«No sé por qué no estamos desesperados», decía François Mauriac en un alarde de sentido común. Ni yo. No sé si forma parte de nuestra grandeza o si lo que pasa es que no tenemos solución. A pesar de tantas cosas, basta dar un paseo o reunirte con algún amigo al que hace tiempo no veías, disfrutar de un sábado soleado y pacífico, hojear un libro, pararte en la ventana mirando hacia la noche y encontrarla atractiva y misteriosa como una adolescente, ver una película, acariciar la frente de tu hijo... dejar de querer controlarlo todo, porque todo funciona sin ti, o incluso a pesar de ti. Y entonces te sientes en paz pero sabes que no durará mucho. Tarde o temprano volverá la ansiedad y echarás de menos las mismas cosas precisas o imprecisas. Y el telediario te borrará esa sonrisa angelical.

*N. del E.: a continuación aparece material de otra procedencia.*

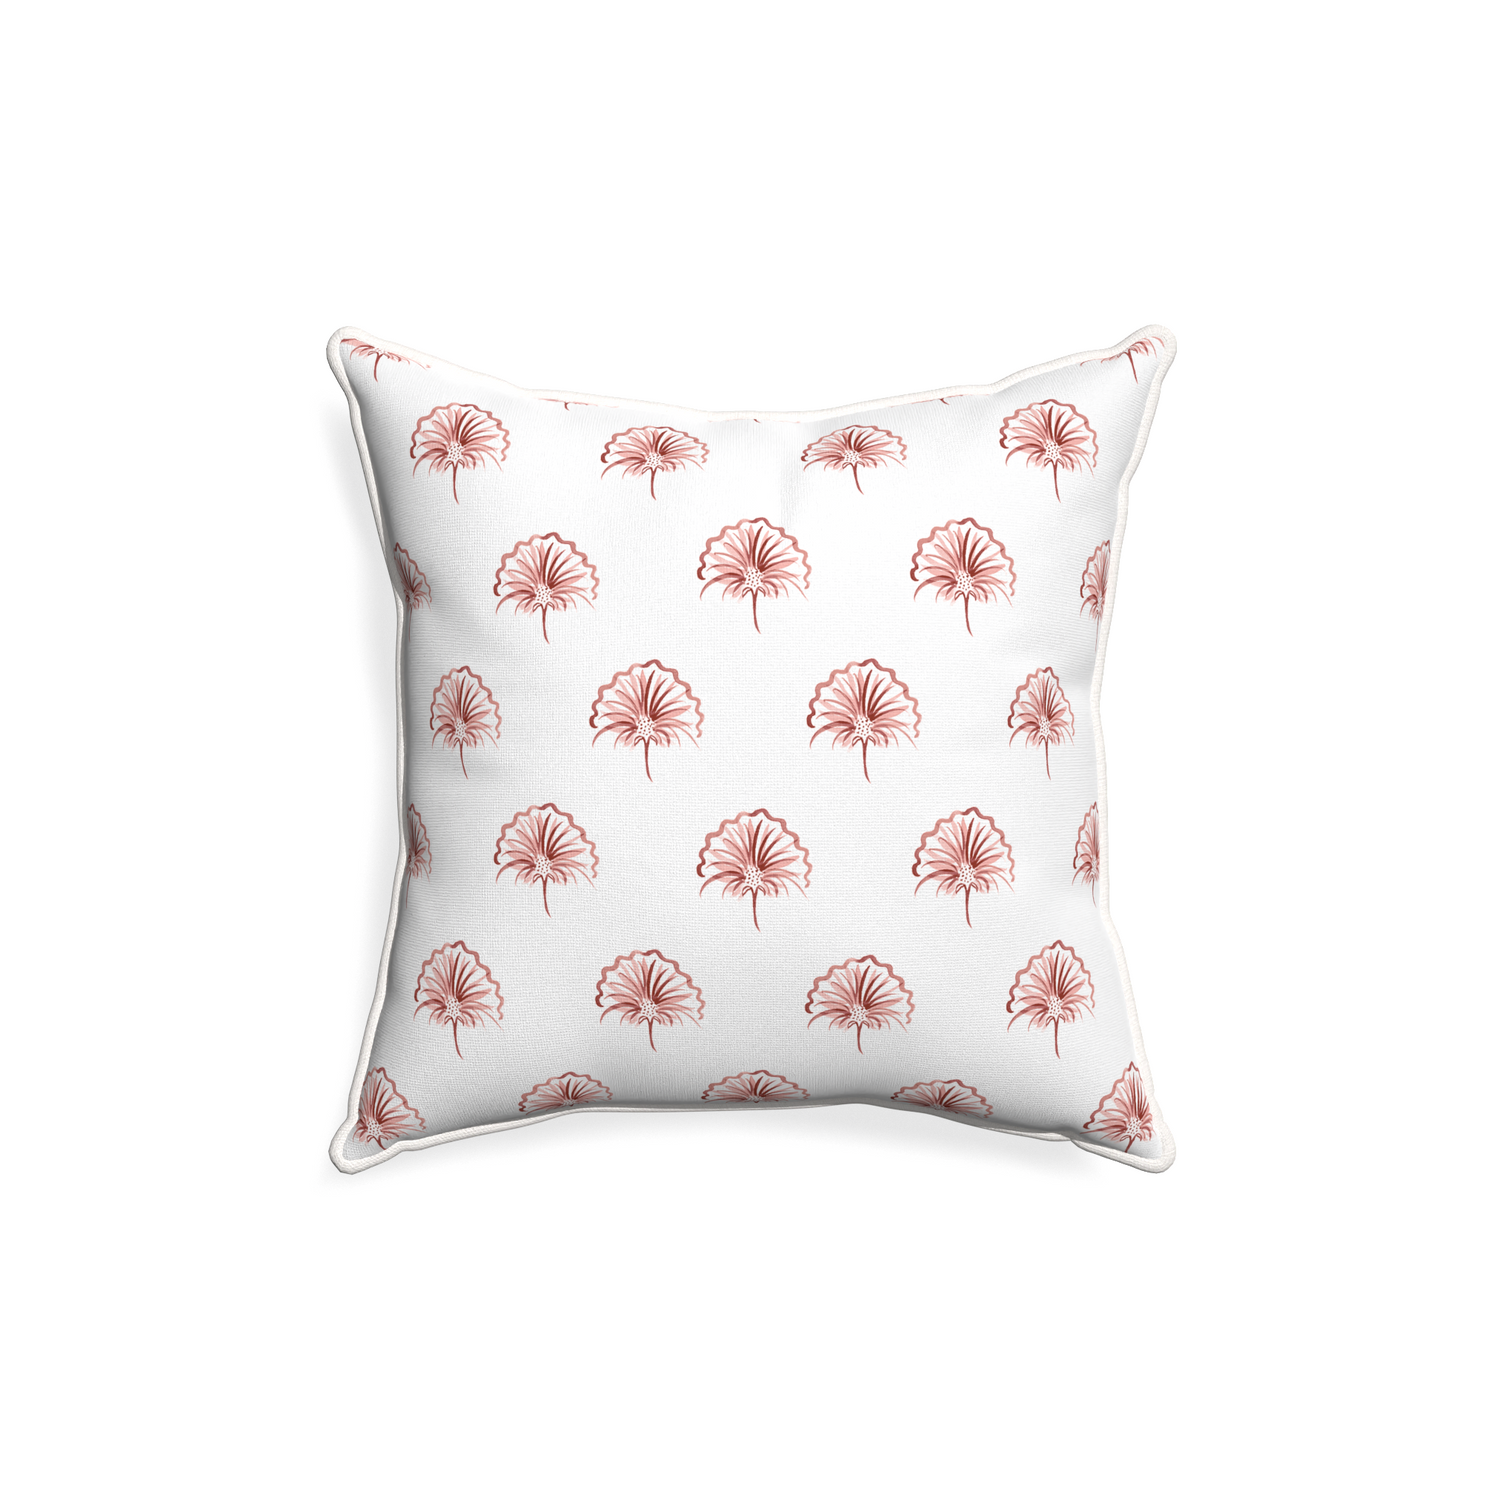 18-square penelope rose custom pillow with snow piping on white background
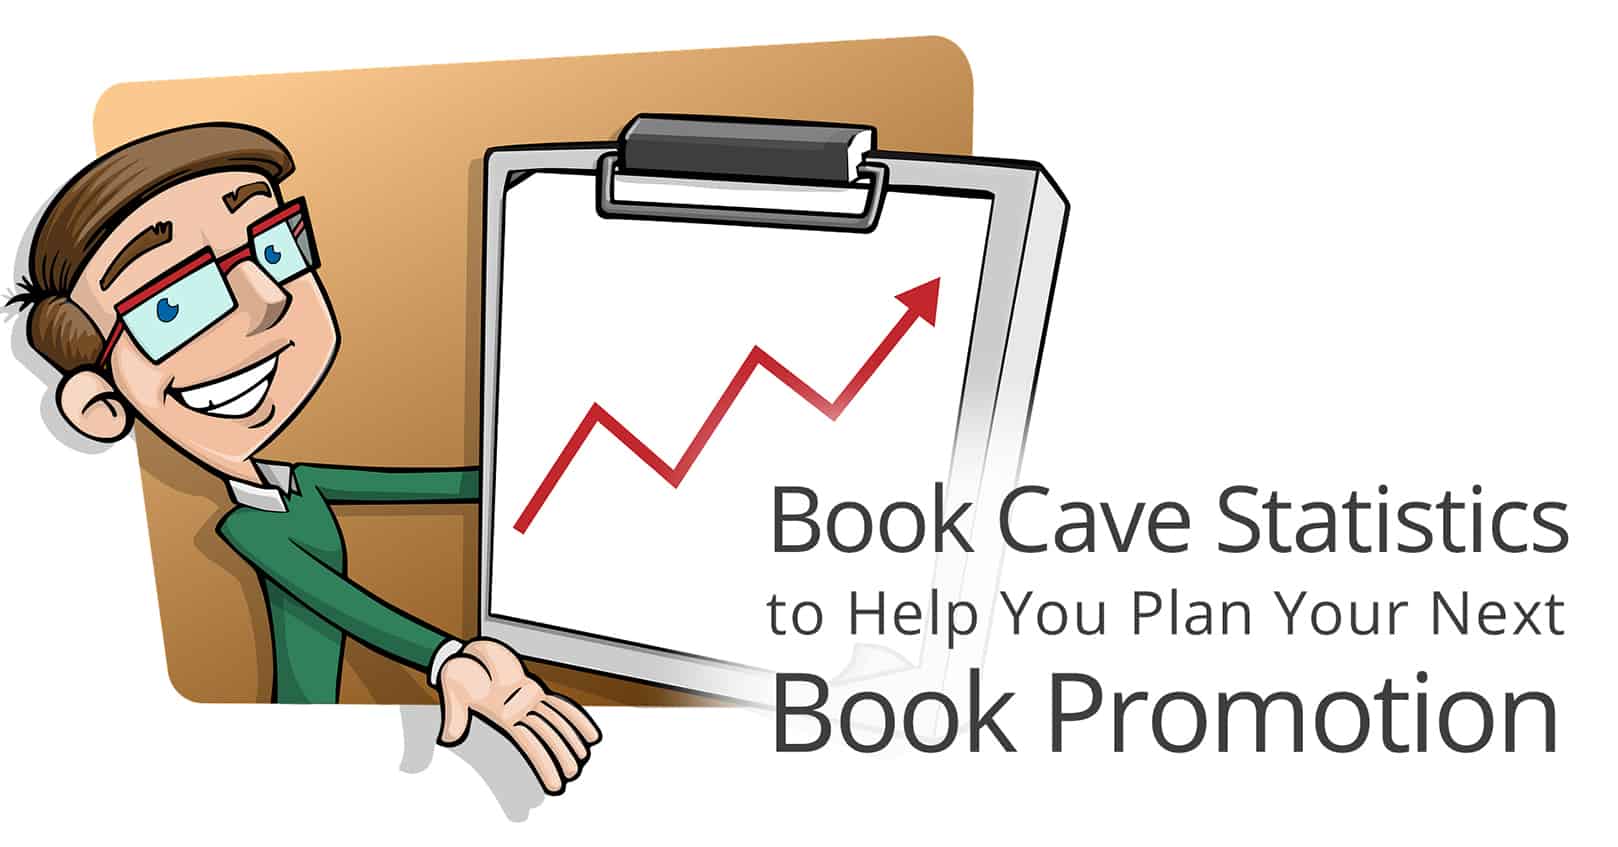 book cave statistics to help plan book promotion

Pero, aun sabiendo todo eso, últimamente quiero pensar en cosas agradables -es mi forma de resistencia-, así que ayer por la tarde me di al chocolate. Quizá les parezca asunto sin importancia. Pues no. Poco hemos agradecido a quien nos lo trajo tantos momentos de placer. Seguro que muchos de ustedes no le ponen ni nombre. Muy mal: Fue un tal Jerónimo de Aguilar, un monje aragonés que, embarcado en la expedición de Núñez de Balboa, acabó en Yucatán tras un naufragio y descubrió allí la bebida de los Mayas. Rescatado años después por Hernán Cortés, Fray Jerónimo envió la materia prima y la receta al abad del Monasterio de Piedra. En esa cocina zaragozana la orden del Císter preparó la primera taza de chocolate europea. El resto es historia y, para algunas, perdición. Dicen que es un sustituto del sexo, pero yo nunca he entendido por qué hay que sustituir nada. En los momentos de crisis, la felicidad puede ser cuestión de Estado. Sursum corda, hermanos, a pesar de Mauriac. A pesar de todo.